Also, when sailing on the Celebrity Millennium, passengers can add on a land tour to Denali National Park or a Cruisetour to the majestic Canadian Rockies. In 2024, the Millennium will be replaced by the Celebrity Summit cruise ship.
Celebrity Eclipse cruisers can extend their vacation with a Canadian Rockies tour.
For the 2024 Alaska cruise season, the Celebrity Edge will be offering itineraries from Seattle. It’s the first time an Edge-class vessel will sail in Alaskan waters. With an infinite veranda, you can welcome the outside indoors.

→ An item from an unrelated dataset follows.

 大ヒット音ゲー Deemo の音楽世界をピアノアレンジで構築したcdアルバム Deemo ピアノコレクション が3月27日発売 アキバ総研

Choosing An Embarkation Port
Those living in the lower 49 states might choose Seattle as an embarkation port purely for convenience. However, when comparing Alaskan cruises from Vancouver and Seattle, there are some differences.

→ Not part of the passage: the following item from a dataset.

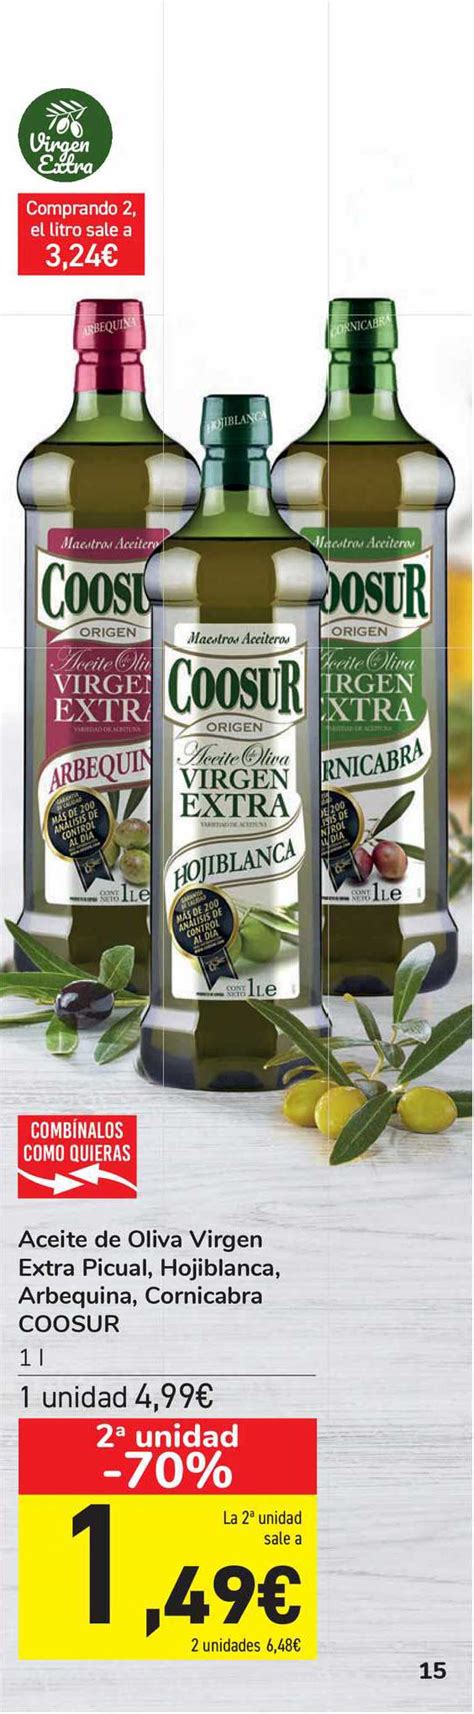 oferta 2ª unidad 70 aceite de oliva virgen extra picual hojiblanca

Passengers booked on the Celebrity Solstice will enjoy a 7-day roundtrip itinerary from Seattle. The itinerary includes one fjord, Dawes Glacier in Endicott Arm. Also, it consists of a stop in one Canadian port, Victoria, on Vancouver Island.
The Celebrity Millennium sails a 7-day one-way trip to and from Seward if choosing to cruise from Vancouver. Alternatively, the Eclipse offers a roundtrip itinerary, with both vessels cruising to Hubbard Glacier in Disenchantment Bay.
Cruising from Vancouver, you’ll spend your first day in the inside passage. Here, the waters are calmer and preferred for those who suffer from motion sickness.
It’s important to note Seward is 127 miles from the nearest airport in Anchorage, so passengers require transportation for the 2-1/2-hour journey.
The Millennium, also known as “Millie” to Celebrity’s loyal customer base, holds up to 2170 passengers with double occupancy. In 2019, Celebrity revolutionized the Millennium, adding touches from the Edge-class vessels.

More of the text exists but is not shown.